My new obsession (and preference) is currently NA novels. The New Adult genre is a fairly recent explosive trend in book publishing. Novels in this category feature characters who are 18-30 years old and are most often set in college. USA Today describes the new book category as a “mix with the high-octane emotions of youth and the freedom of leaving home.”

As someone who grew up on Young Adult fiction—I admit that it was Twilight that first got me into reading—New Adult served as the perfect literary escape as I gradually grew out of YA novels. However, that doesn't mean that there aren't some amazing Young Adult books out there that explore everything from mental illness to great fantasy worlds, all of which I still read with eagerness. 

NA brings the youthful nature of YA without filters or age restraints; it delves into mature topics and themes that are more relatable to my life as college student. Although, that isn’t to say that there aren’t some cliché and cringe-y novels floating around. There’s also the fact that many covers feature an abnormal amount of shirtless guys, but don’t let that fool you! I have been lucky enough to discover some New Adult books with hilarious banter and great characters that are awesome to read between classes or whenever you have some free time.

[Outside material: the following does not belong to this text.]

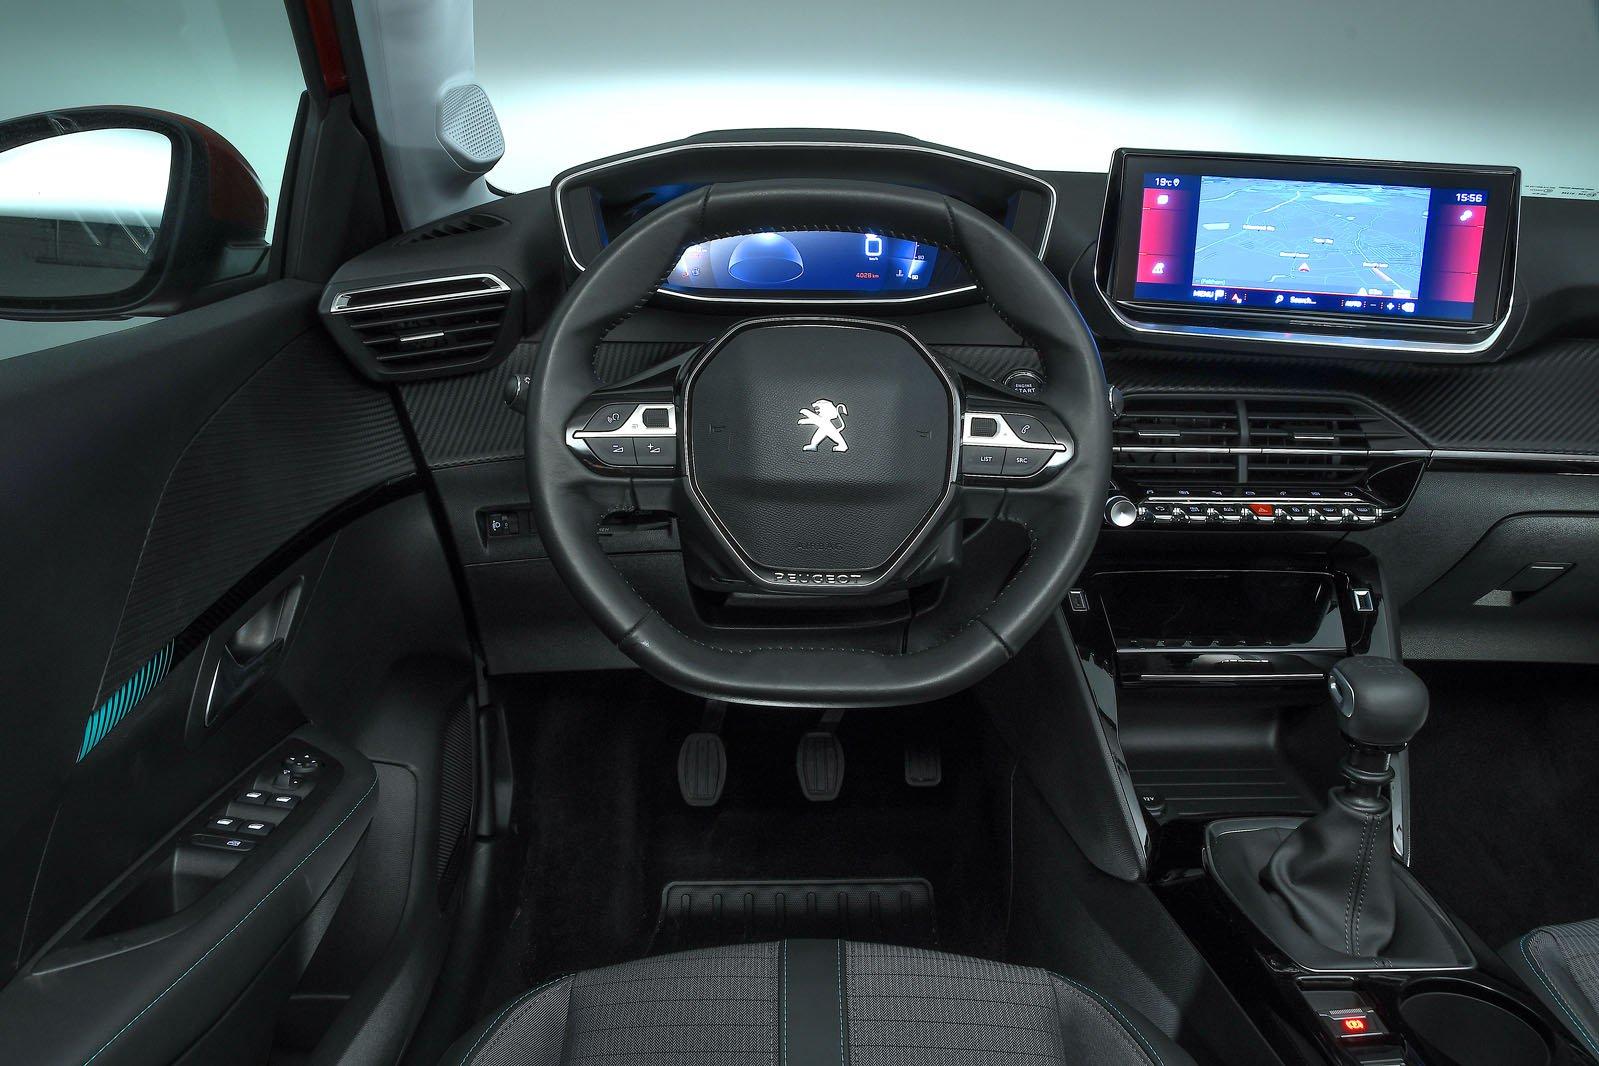 Peugeot 208 2019 dashboard (LHD)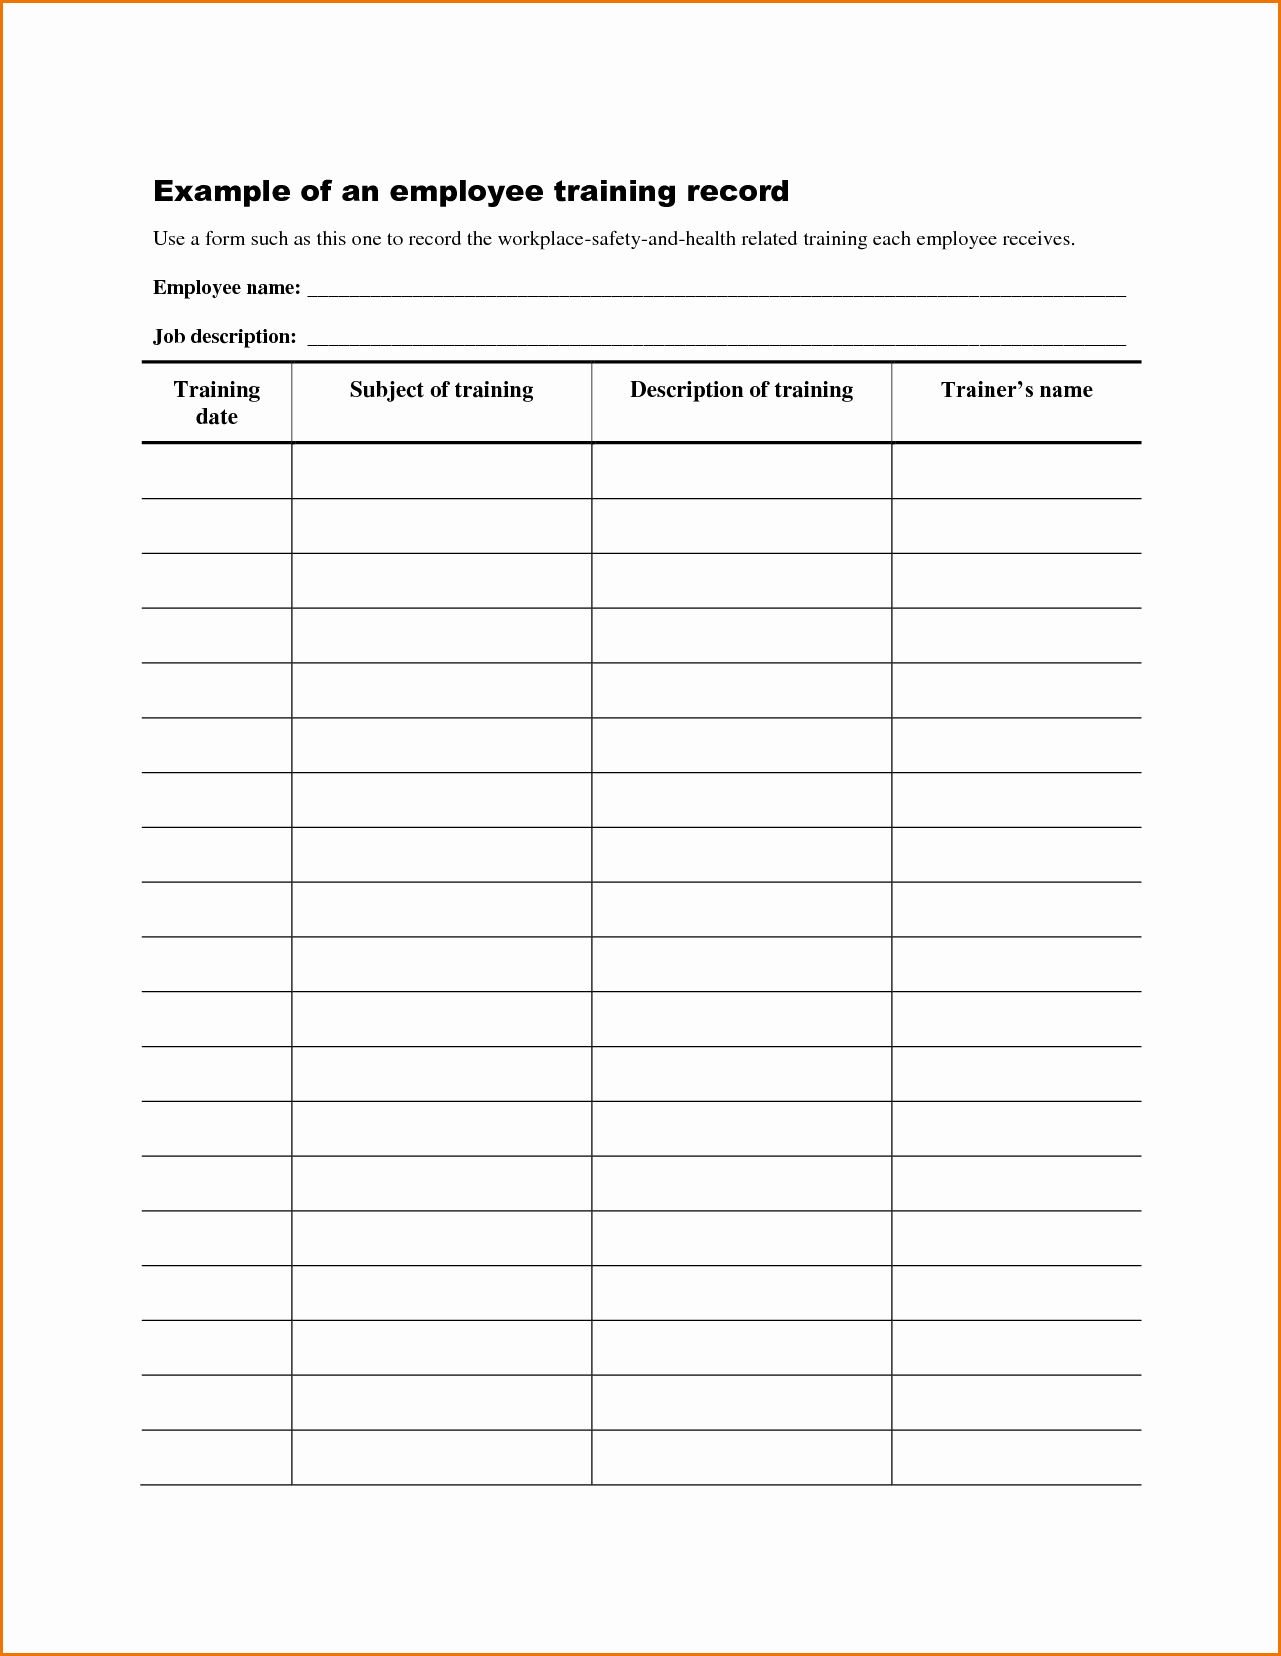 Training Manual Template Microsoft Word Inspirational 10 Employee Training Manual Template Ideas Microsoft

Amour Amour by Krista and Becca Richie (Goodreads rating: 4.26)

“I’m average. I’ve been average most of my life, but there are moments where I feel extraordinary. Invincible. Able to conquer any fear and step outside any box. There is no illusion, no fantasy. I can climb a forty-foot pole. I can fly eighty-feet in the air. I can be taller than tall. It’s a dream that I’m living. Every day. With him.”

Krista and Becca Ritchie are hands down one of my favorite authors. Amour Amour features a main character (Thora, 21) who has aspirations to be in the circus. Features: age difference, family themes, and moderate emotional angst.

 

More than water by Renee Ericson (Goodreads rating: 4.08)

“I’m surprised you don’t have any tattoos. I thought that was part of the artist uniform.”

“Who says I should be that much of a cliché? I’m naturally a masterpiece.”

I highly recommend this one. The romance and the witty banter is great. Features: FWB (Friends with Benefits) but the two characters have a real, genuine friendship before everything goes down. The main character, EJ, is a feisty, sarcastic college senior and I want her to be my best friend.

 

The Deal by Elle Kennedy (Goodreads rating: 4.31)

“Just out of curiosity,” she says, “after you wake up in the morning, do you admire yourself in the mirror for one hour or two?”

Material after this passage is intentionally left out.